[DATASET EXCERPT — start]

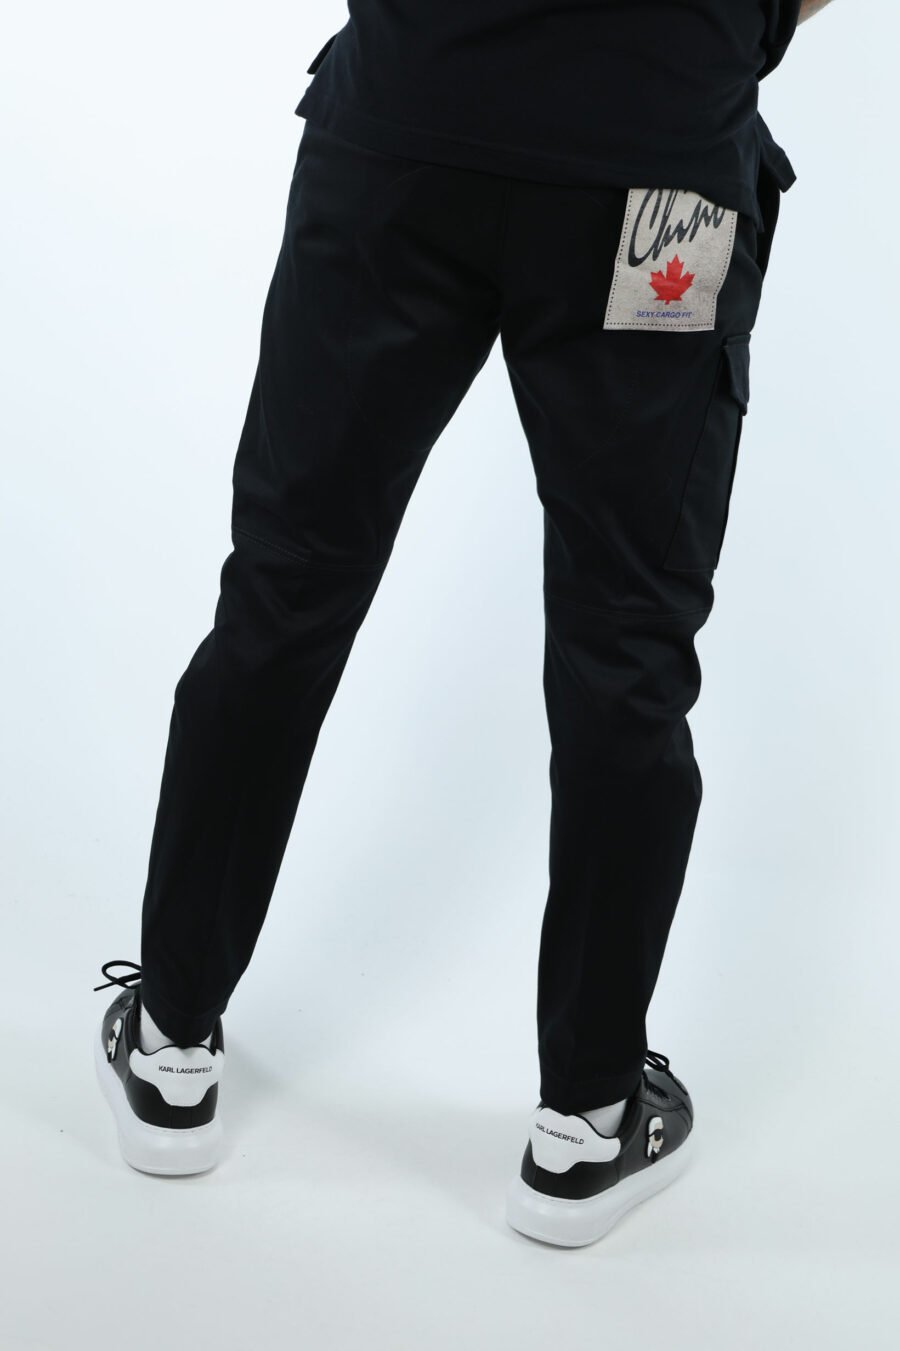 Black cargo style "sexy cargo" trousers - 8054148388997 2
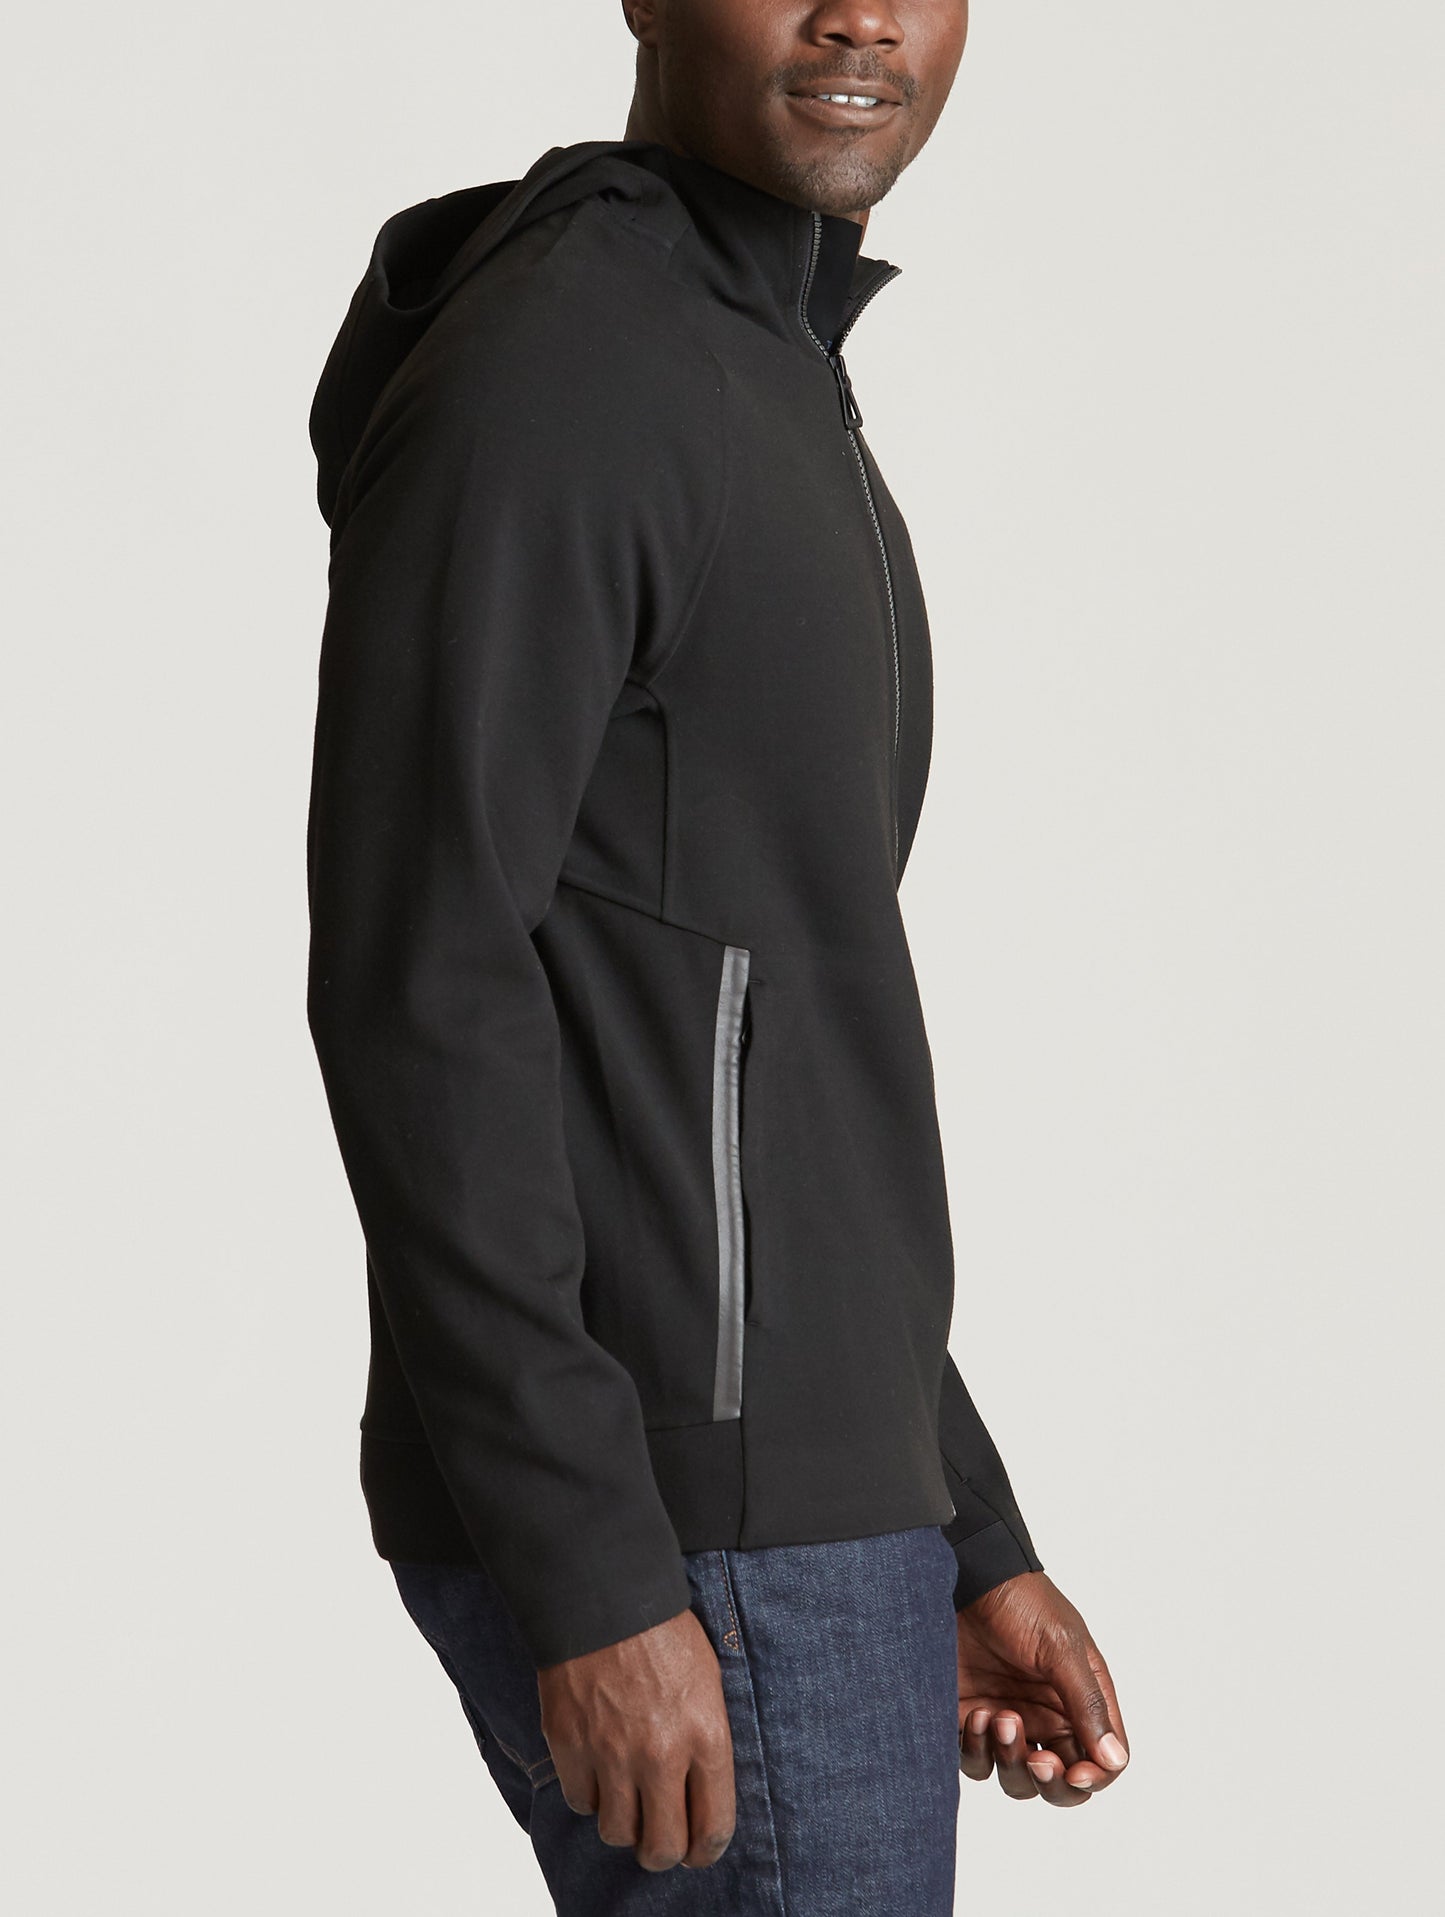 hoodie for men from Aether Apparel
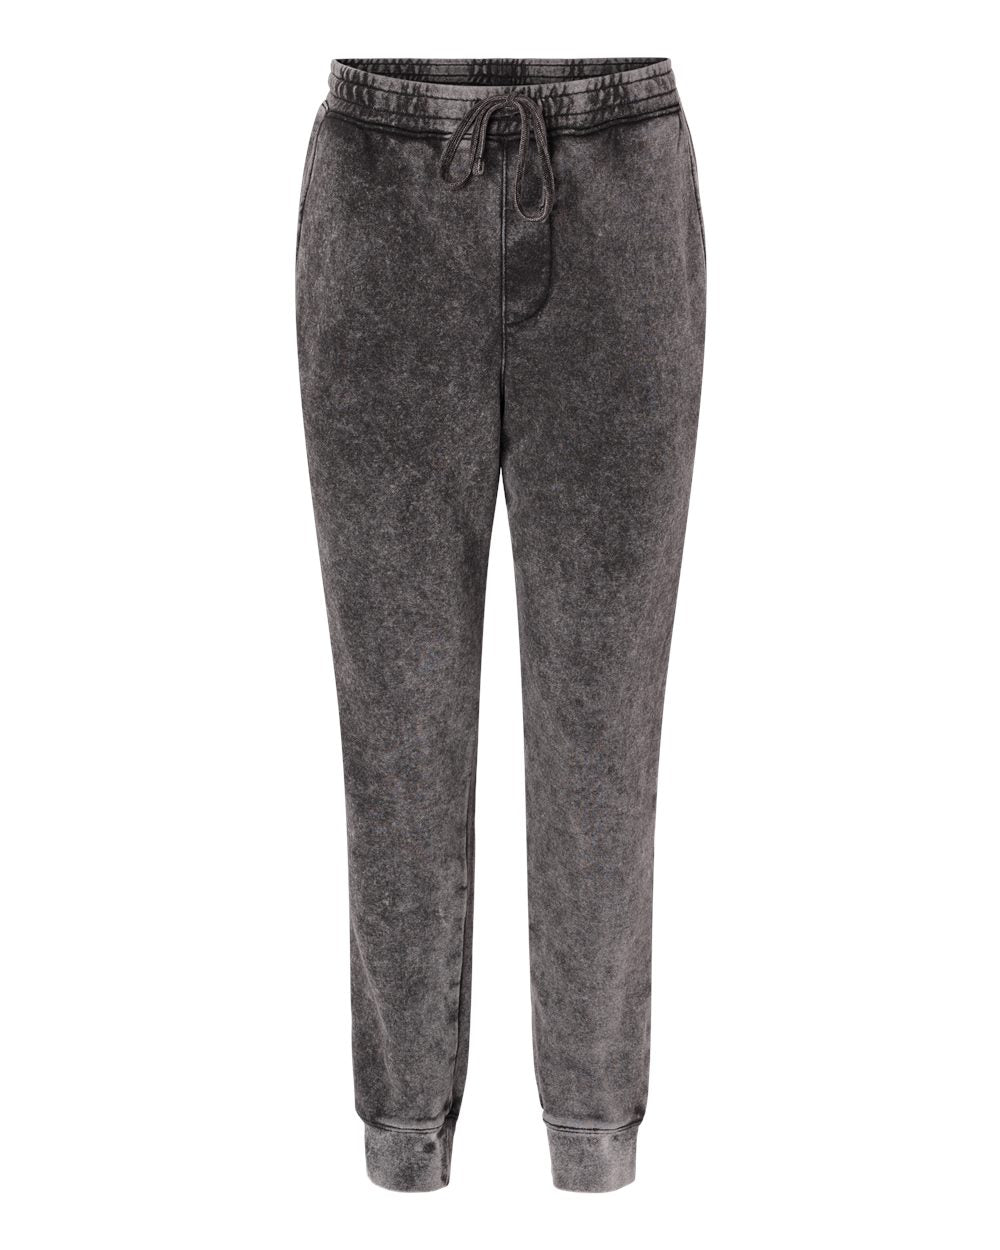 Independent Trading Co. - Mineral Wash Fleece Pants

[DATASET EXCERPT — finish]

*WHAT TO DO*: Leaving the pictures out, give back each line above exactly.

*REPLY*:
 Black cargo style "sexy cargo" trousers - 8054148388997 2
 hoodie for men from Aether Apparel
 Independent Trading Co. - Mineral Wash Fleece Pants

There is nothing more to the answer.